Seperti Seti-Arti , Bagong juga galau tentang pengalaman tari Jawa klasik. “Sejak
saya mulai melukis tahun 1946 dan selama belajar bertahun-tahun di Akademi
Seni Rupa Indonesia (ASRI), saya menemukan kebebasan penuh untuk
menjelajahi berbagai proses seni lukis dan untuk mengungkapkan suasana hati
dan semangat saya tanpa harus dicekoki kaidah-teknik. Lalu mengapa, pikir saya
kebebasan ekspresi tidak dapat diterapkan juga pada seni tari? Apa salahnya
melawan kemapanan dan mengembangkan lebih lanjut tema budaya yang sudah
ada?” Bagong dan Wisnoe masing-masing mendirikan sekolah tari modern pada
tahun 1958: Pusat Latihan Tari (PLT) Bagong Kussudiardja dan Sekolah Tari
Kontemporer Wisnoe Wardhana.

Mereka berdua dikenal sebagai guru dan penata tari yang sangat bagus., dan telah
menciptakan ratusan tari dan drama-tari. Pada tahap berikutnya dalam berkarir,
Wisnoe dan lebih banyak menekuni bidang pengajaran dan pendidikan.
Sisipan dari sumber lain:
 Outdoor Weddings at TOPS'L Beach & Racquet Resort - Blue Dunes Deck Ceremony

Ia meraih
gelar doktor dari Institut Keguruan dan Ilmu Pendidikan (IKIP) Yogyakarta,
tempat ia masih mengajar, ia juga mengepalai Institut Kesenian Wisnoe Wardhana
dan sebuah forum pendidikan non-formal dalam bidang seni dan budaya untuk
umum yang dinamakan Puser Widya Nusantara (Pusat Belajar Nusantara).
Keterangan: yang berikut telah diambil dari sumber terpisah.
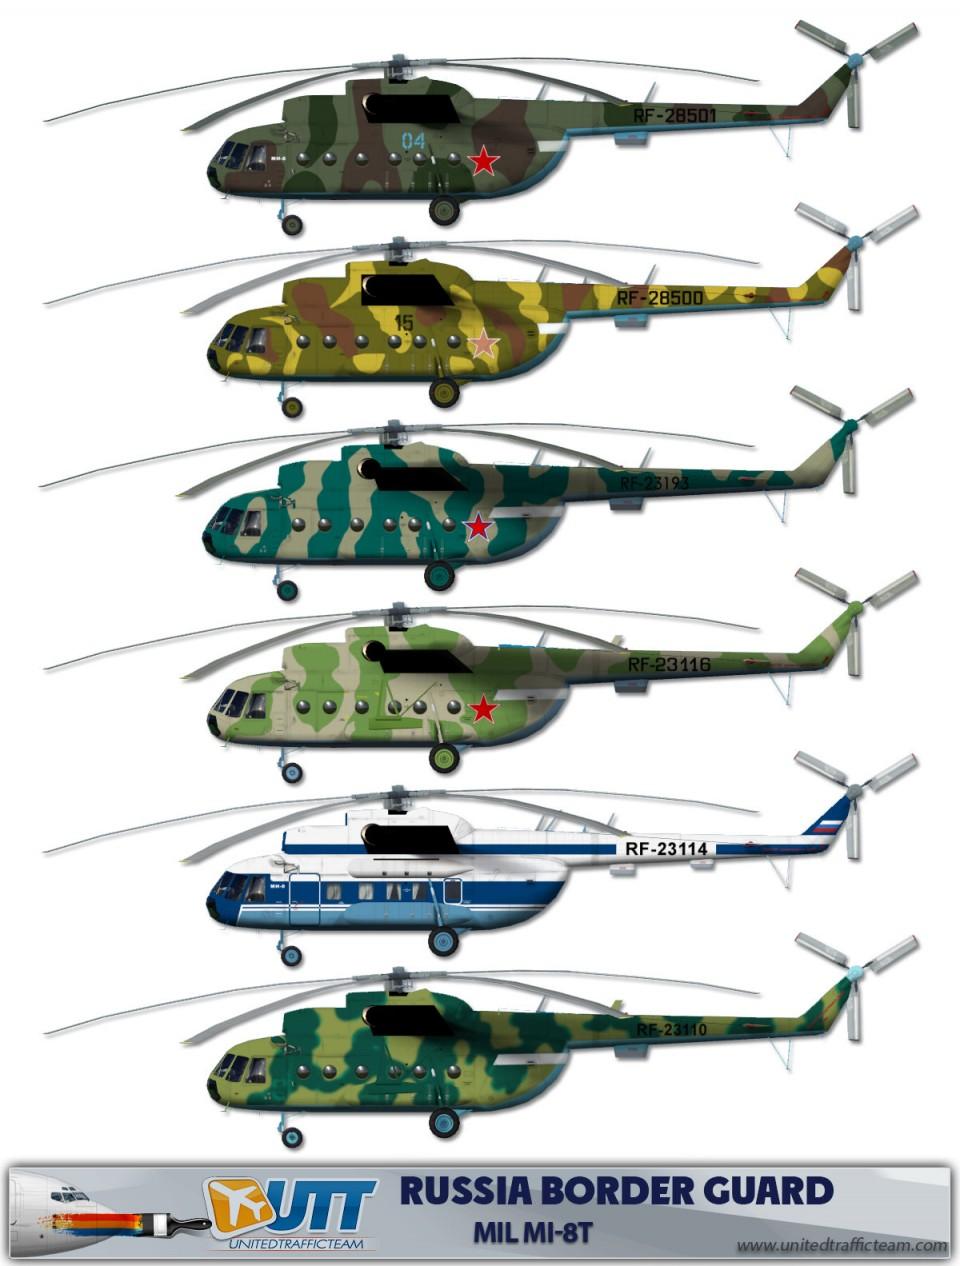 Russia Border Guard Mil Mi-8T

Bagong mendirikan Padepokan Seni Bagong Kussuadiardja (PSBK) tahun 1978


di desa Kembaran Bantul, pinggiran Yogya. Sekolah itu menarik murid dari Asia
Tenggara, Australia, Amerika, Eropa, dan seluruh Indonesia. Sepulang belajar bdi
Amerika, Bagong menciptakan karya yang dipengaruhi Graham, misalnya,
Burung Dalam Sangkar dan Derita. Yang kedua, yang menyerupai karya Graham
Lamentations, merupakan tari tunggal dengan penari memakai kain bentuk tabung
sehingga yang tampak hanya tangan dan kaki. Di kemudian hari, karyanya
memadukan unsur tari dan musik tiga daerah berbeda: Jawa Tengah, Bali, dan
Jawa Barat. Banyak karyanya bertema cerita dan diiringi gamelan yang diperluas
(Arjunawiwaha dan Ratu Kidul).

Pembentukkan PSBK mengundang banya murid dari seluruh Indonesia dan


negara-negara Asia dengan latar budaya beragam. Bagong terilhami untuk
menciptakan karya nasional, seperti Gema Nusantara dan Pesta Desa, ia
menggabungkan bermacam gerak tari dan unsur musik dari beberapa daerah
Indonesia, sebagai cermin kekayaan budaya negara ini.